◆ INSTRUCTIONS TO FOLLOW ◆
Copy all entries without alteration and skip the pictures they hold.
SOURCE RECORDS below:
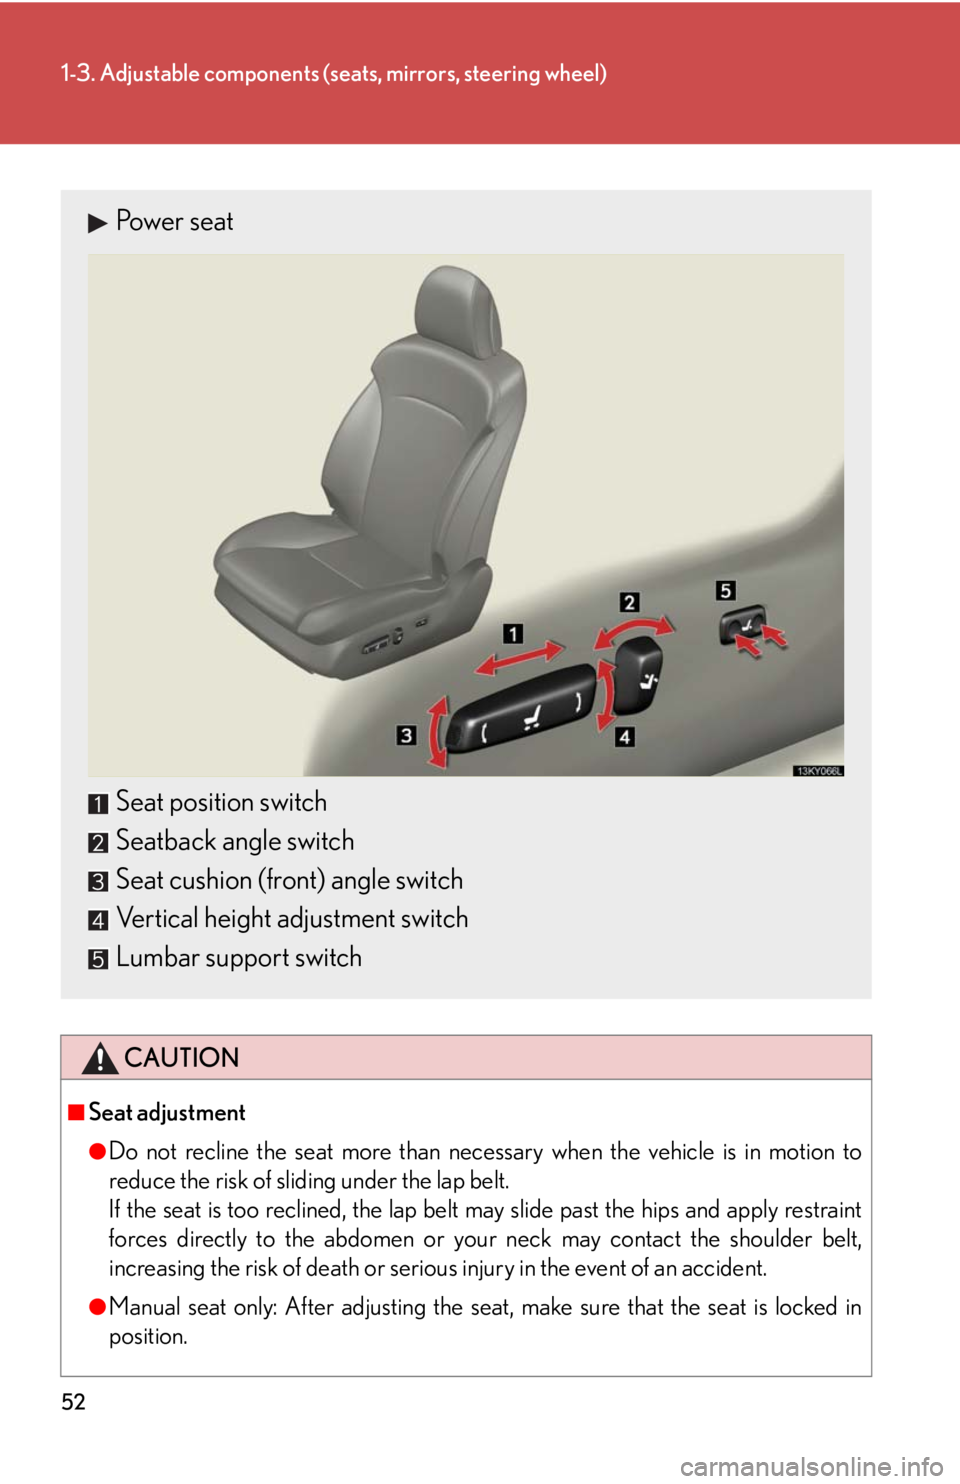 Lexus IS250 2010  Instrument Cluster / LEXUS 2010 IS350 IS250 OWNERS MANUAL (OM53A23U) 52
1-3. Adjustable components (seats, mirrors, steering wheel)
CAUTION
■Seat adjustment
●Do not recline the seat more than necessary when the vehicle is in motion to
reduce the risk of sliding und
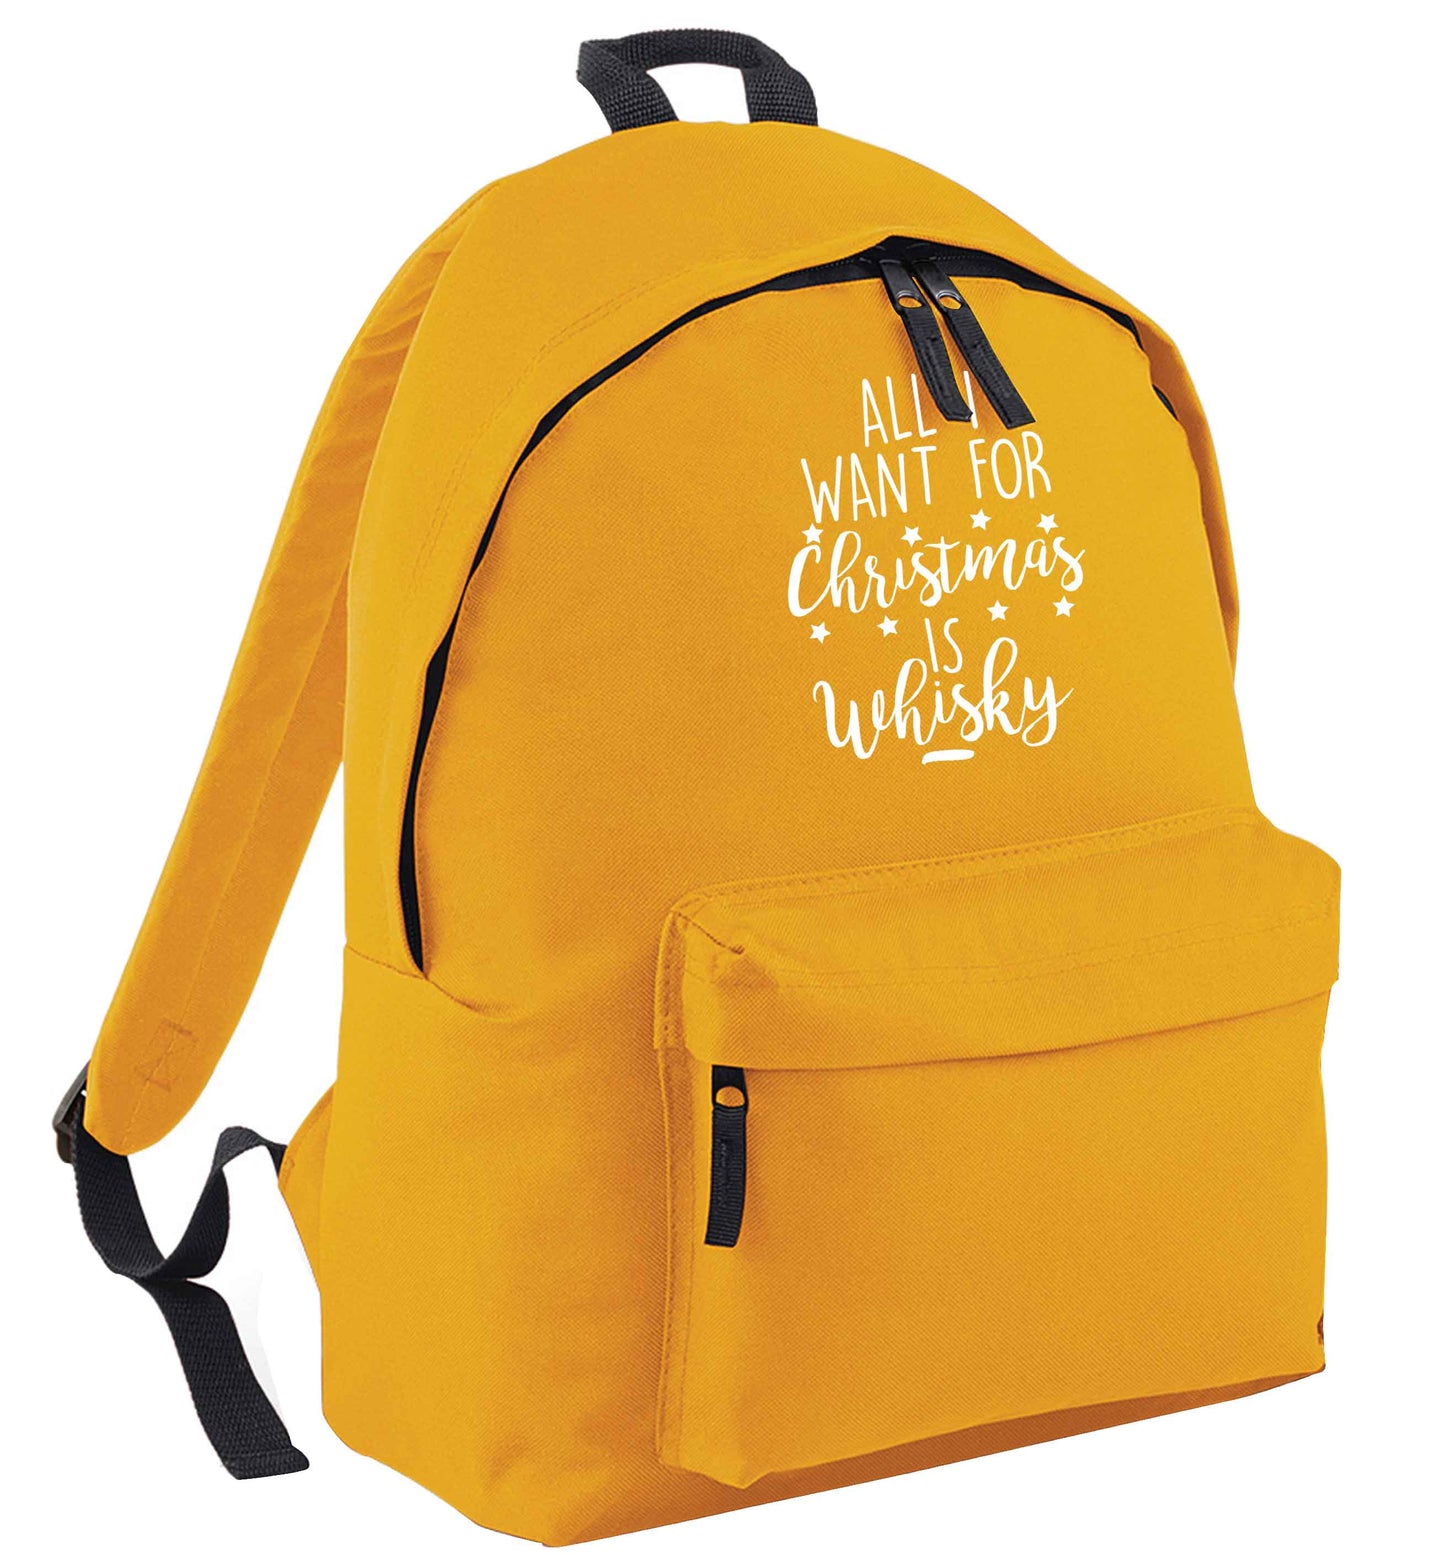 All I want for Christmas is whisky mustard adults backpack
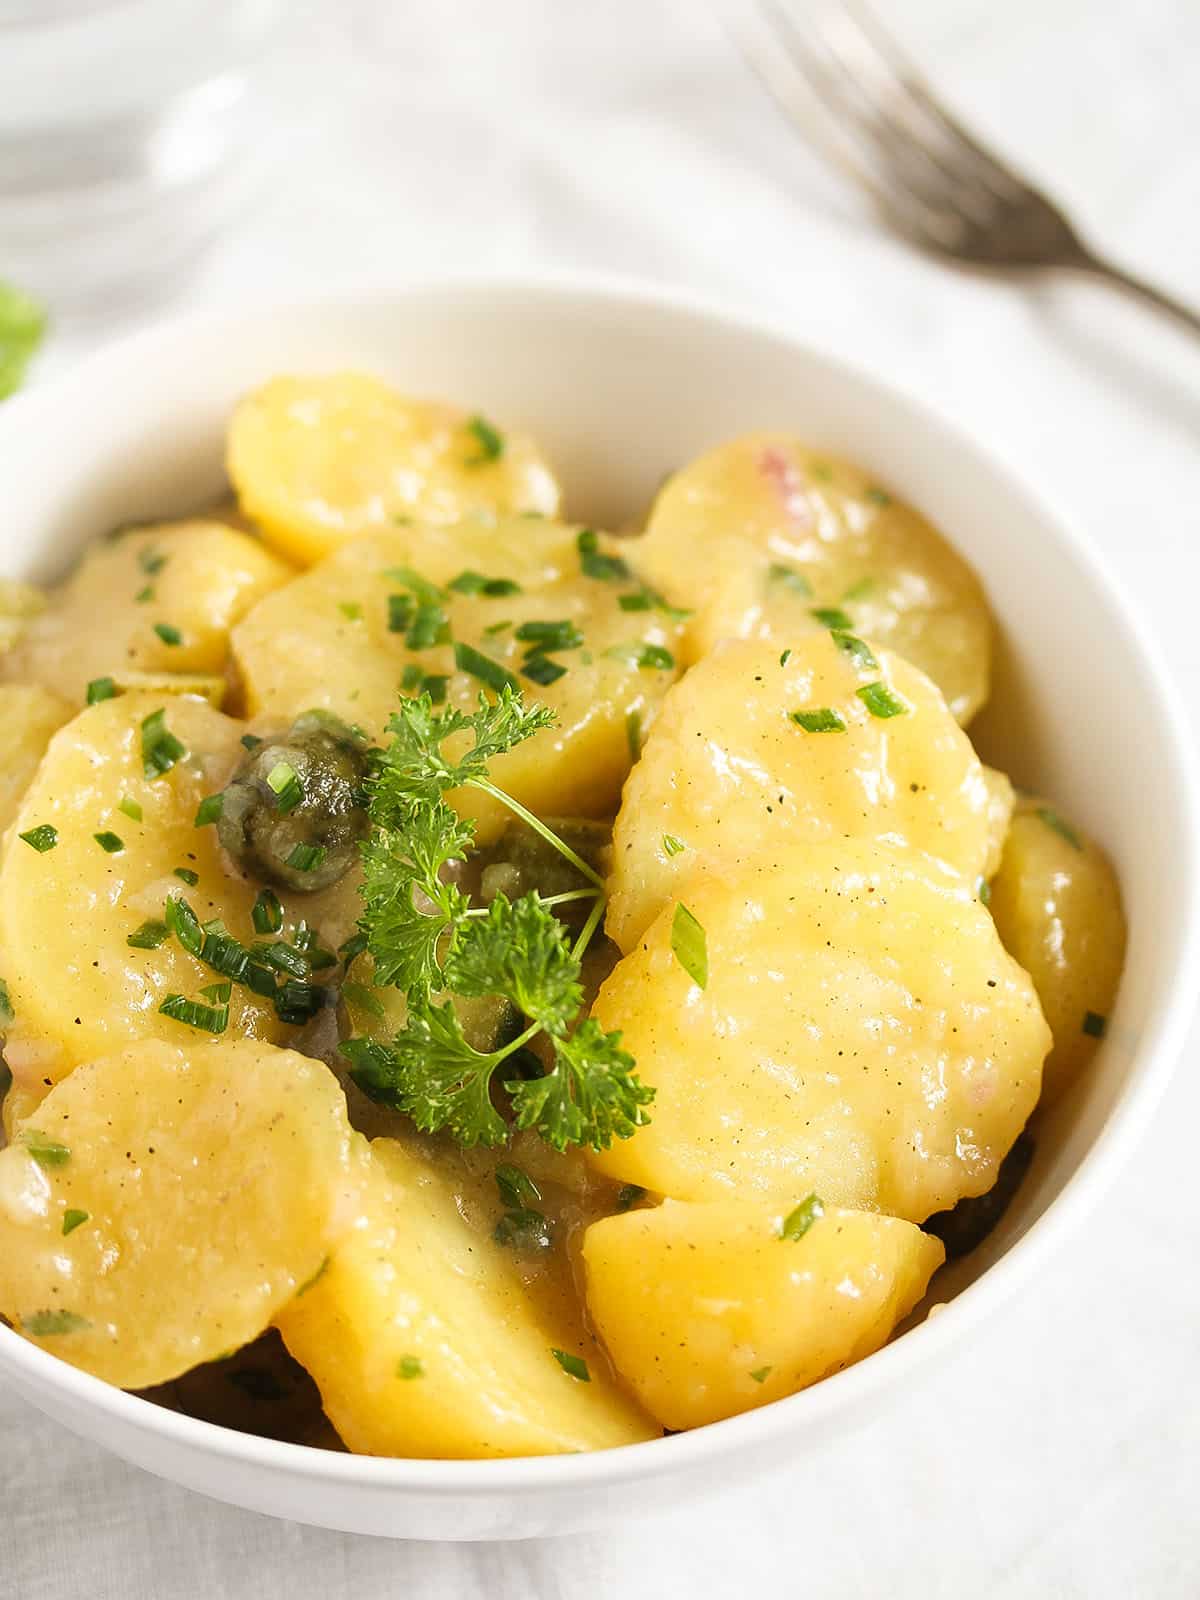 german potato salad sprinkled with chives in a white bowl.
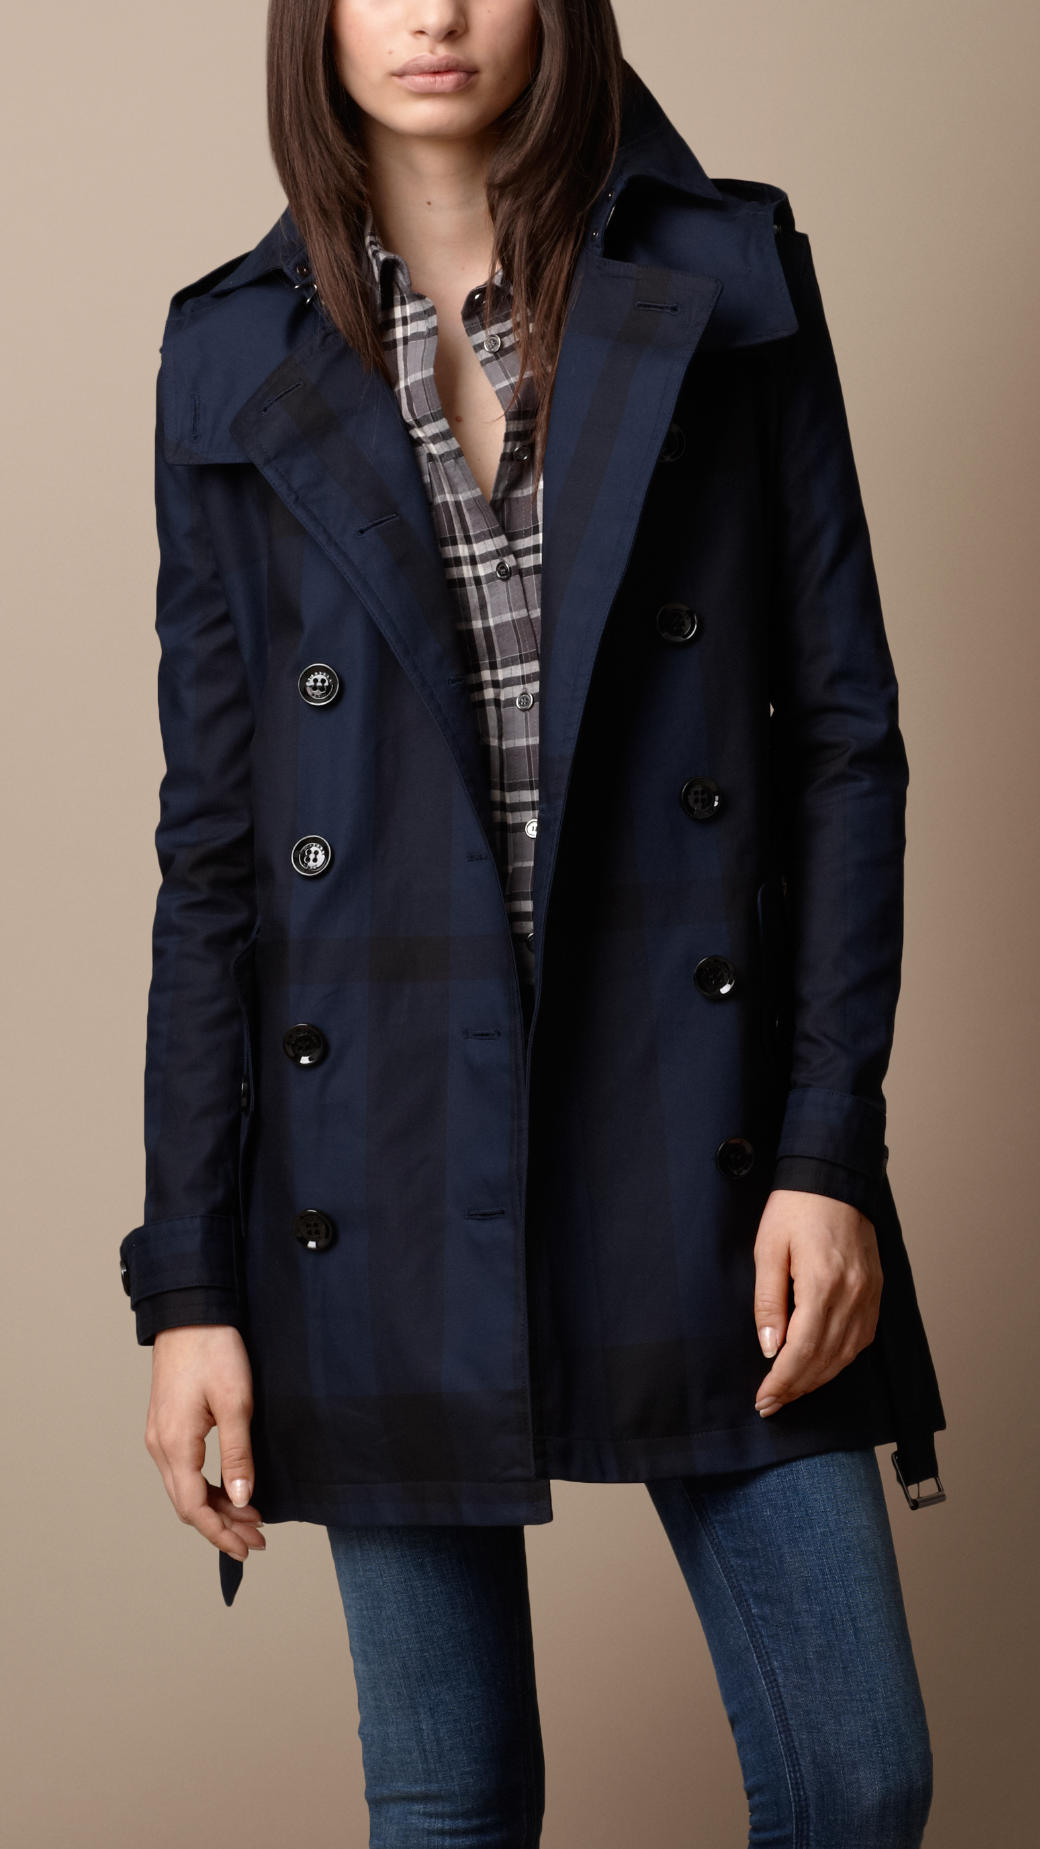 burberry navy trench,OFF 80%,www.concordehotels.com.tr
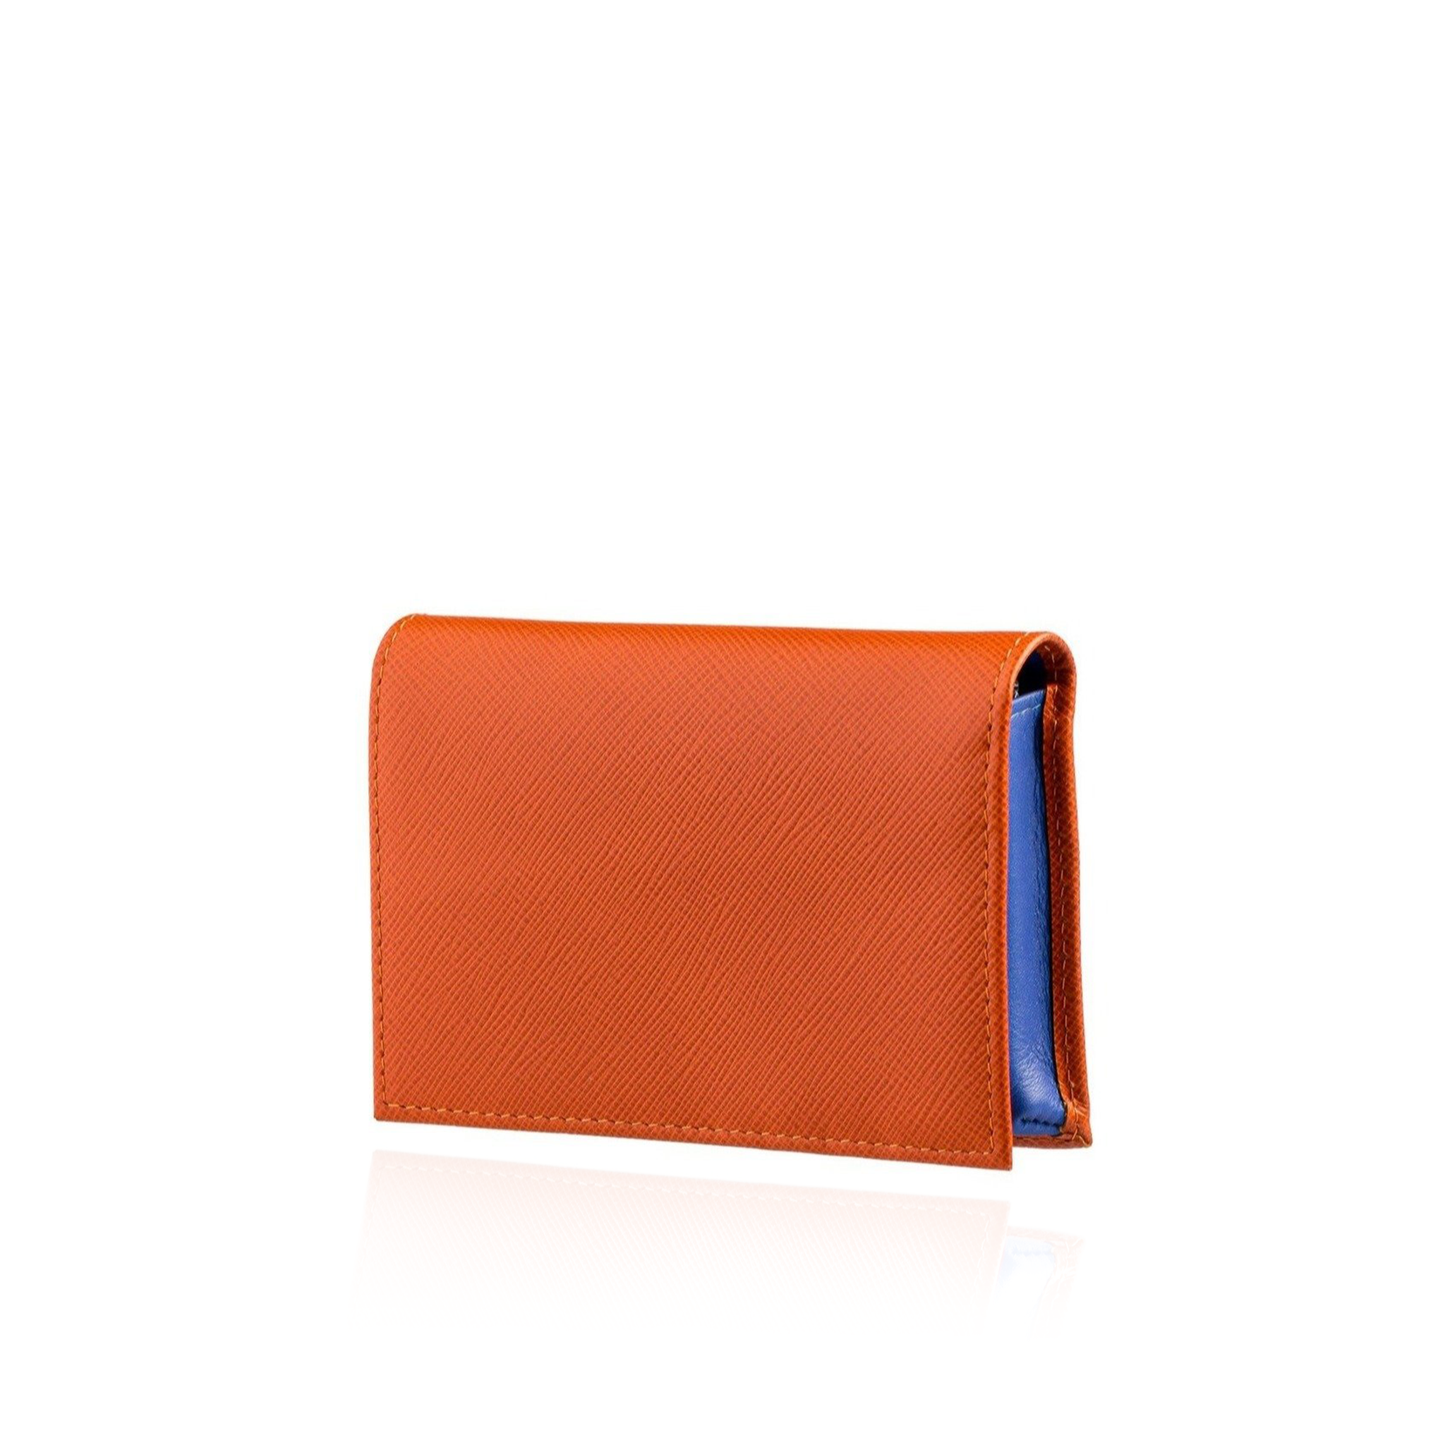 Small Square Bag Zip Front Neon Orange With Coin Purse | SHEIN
End of SOURCE RECORDS.
◆ RESPONSE BELOW ◆
 Lexus IS250 2010  Instrument Cluster / LEXUS 2010 IS350 IS250 OWNERS MANUAL (OM53A23U) 52
1-3. Adjustable components (seats, mirrors, steering wheel)
CAUTION
■Seat adjustment
●Do not recline the seat more than necessary when the vehicle is in motion to
reduce the risk of sliding und
 All I want for Christmas is whisky mustard adults backpack
 german potato salad sprinkled with chives in a white bowl.
 burberry navy trench,OFF 80%,www.concordehotels.com.tr
 Small Square Bag Zip Front Neon Orange With Coin Purse | SHEIN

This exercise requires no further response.